|Udderdude - 2009-02-05 |
Ok, I give up, everyone is the antichrist. You happy now?
I looked up your name with my bible code program, Udderdude, and guess which verse I found your name in!
Song of Solomon 7:7-9
7 Your stature is like that of the palm,
and your breasts like clusters of fruit.
8 I said, "I will climb the palm tree;
I will take hold of its fruit."
That's .. pretty hot, actually.
|Protoseth - 2009-02-05 |
"Two Jewish researchers, Joel Gallis and Dr. Robert Wolf wrote an article in August 2008 when Hillary was the front runner and John Mcain was in strong pursuit."
Men get two names, women get one.
Super sex-god presidents get three.
|Randroid - 2009-02-05 |
You know, there is one candidate who is untainted by the NWO and the mark of Cain (black),
|Dinanukht - 2009-02-05 |
Bill O'reilly said he was an arab... and–and lottery numbers are statistically impossible! and if you translate Obama's name and then turn each of the letters into a numeral using this obscure code and add them together you get another number!... 1,2,3,4,5,6,7,8,9–these are all important numbers in the BIBLE! Now here's something some Jewish guy wrote on a web forum.
+ 5 stars for being the craziest "Obama is the antichrist" video I've seen so far. Let's hope someone can top it.
|kennydra - 2009-02-05 |
OMG I GOT CHILLS.
|citrusmirakel - 2009-02-05 |
Actually, Qi taught me that the Number of the Beast is not 666, but 616.

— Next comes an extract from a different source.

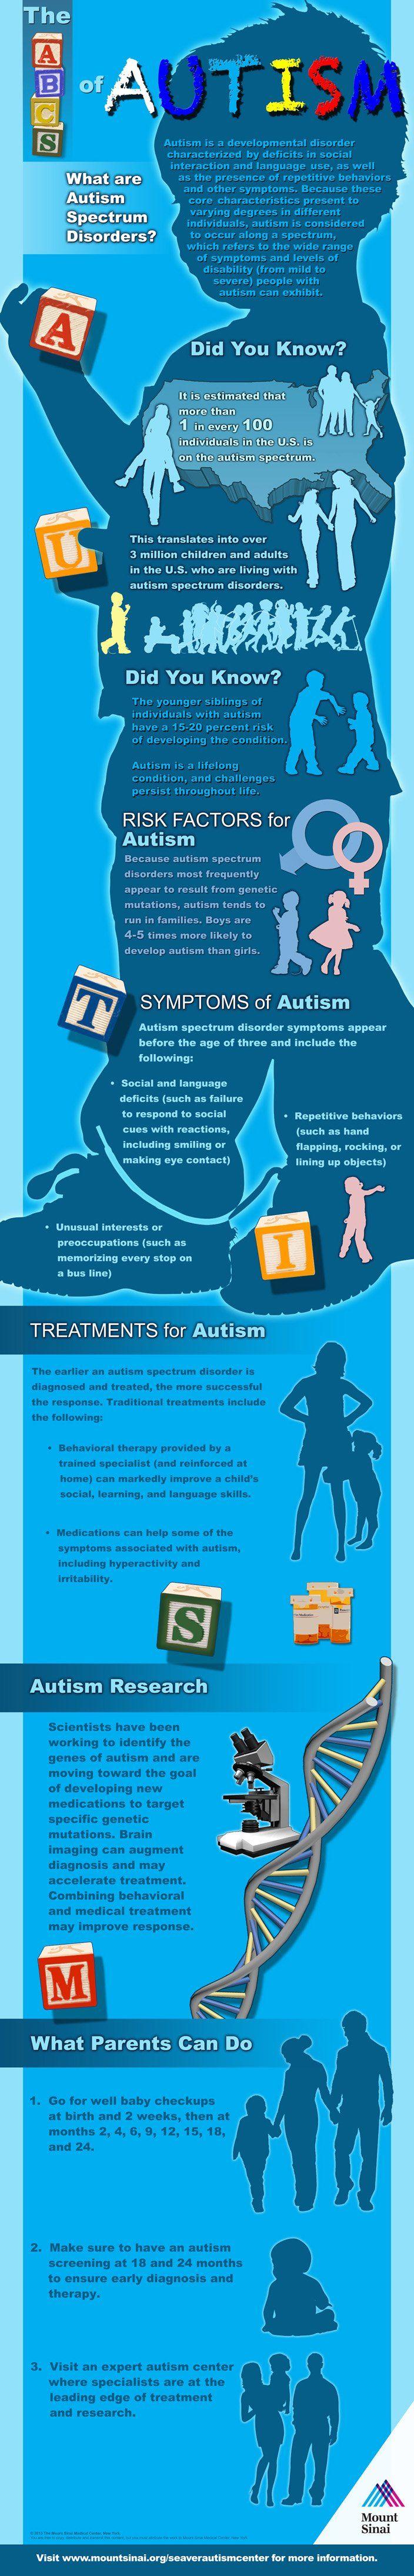 15 best Autism Information images on Pinterest

Whoopsie, I forgot that "the veracity of the associations cannot be disputed."
Shame on me, and shame on the rest of you as well.
|Dinanukht - 2009-02-05 |
Youtube comments also worth checking out. Apparently the poster thinks Tim Lahaye, of Left Behind fame, isn't quite hardcore enough.
|StanleyPain - 2009-02-05 |
OBAMA SAYS THINGS, BUT SOME OTHER PEOPLE SAID OTHER THINGS AND THESE ARE FACTS YOU CANNOT DENY
|ProfessorChaos - 2009-02-05 |
Flabbergasting. So... 5, i guess.
|Frank Rizzo - 2009-02-05 |
far too many god damn words.
|Urburos - 2009-02-05 |
My name is Brandon Lee Groesbeck.
Bruce Lee's son was named Brandon Lee.
By your logic this PROVES that I am a karate master.
Wait, sorry. I had that backwards.
This proves that he was an overweight, homosexual furry.
|IrishWhiskey - 2009-02-05 |
1.) The chances of that states lotto being that number on the night of Obama's election? Highly improbable (not impossible).
The chances of there being a lotto somewhere in the country that contains numbers this guy can find significant occurring vaguely near an important date in the election? Pretty damn likely.
2.) We also beat King George, then elected George Washington. However did we survive?
4.) If their nickname was 'Apostasy', it might carry more weight.
5.) I never realized 'blessed' was such a scary word.
6.) Well thanks to Florida, all US Presidents are now but into power by old Jews. Them, and dumbass undecided Ohioans.
7.) VANILLA ICE DID 9/11!
|TeenerTot - 2009-02-05 |
Now there's some effort put into your crazy.
|chumbucket - 2009-02-05 |
blahblahblahwordswordswords swelling music blahblahblahwordswordswords 666 blahblahblahwordswordswords
A fine rendition of Beavis and Butthead watching this video.
actually that would be more a:
"huhuhuh words huhuhuh"
|Rudy - 2009-02-05 |
ALL HAIL BLESSED HANDSOME LEANING!
|Xenocide - 2009-02-05 |
Okay, some of these are a little silly but the Magic Word Jumble says he's some sort of space dragon, and that's good enough for me.
Plus, HIS MIDDLE NAME IS "HUSSIEN," PEOPLE. HE WAS NAMED IN HONOR OF THE MAN WHO BOMBED THE 9/11.
|Gojira1000 - 2009-02-05 |
Mine's just creepy
The Revelation to Saint John 12:4
And his tail draweth the third part of the stars of heaven, and did cast them to the earth and the dragon standeth before the woman that is about to be delivered, that when she is delivered he may devour her child.
|YakooMarkTwo - 2009-04-09 |
The statistical likelihood of these lottery numbers coming up the night after Obama was elected is...
...the same as every other night ever.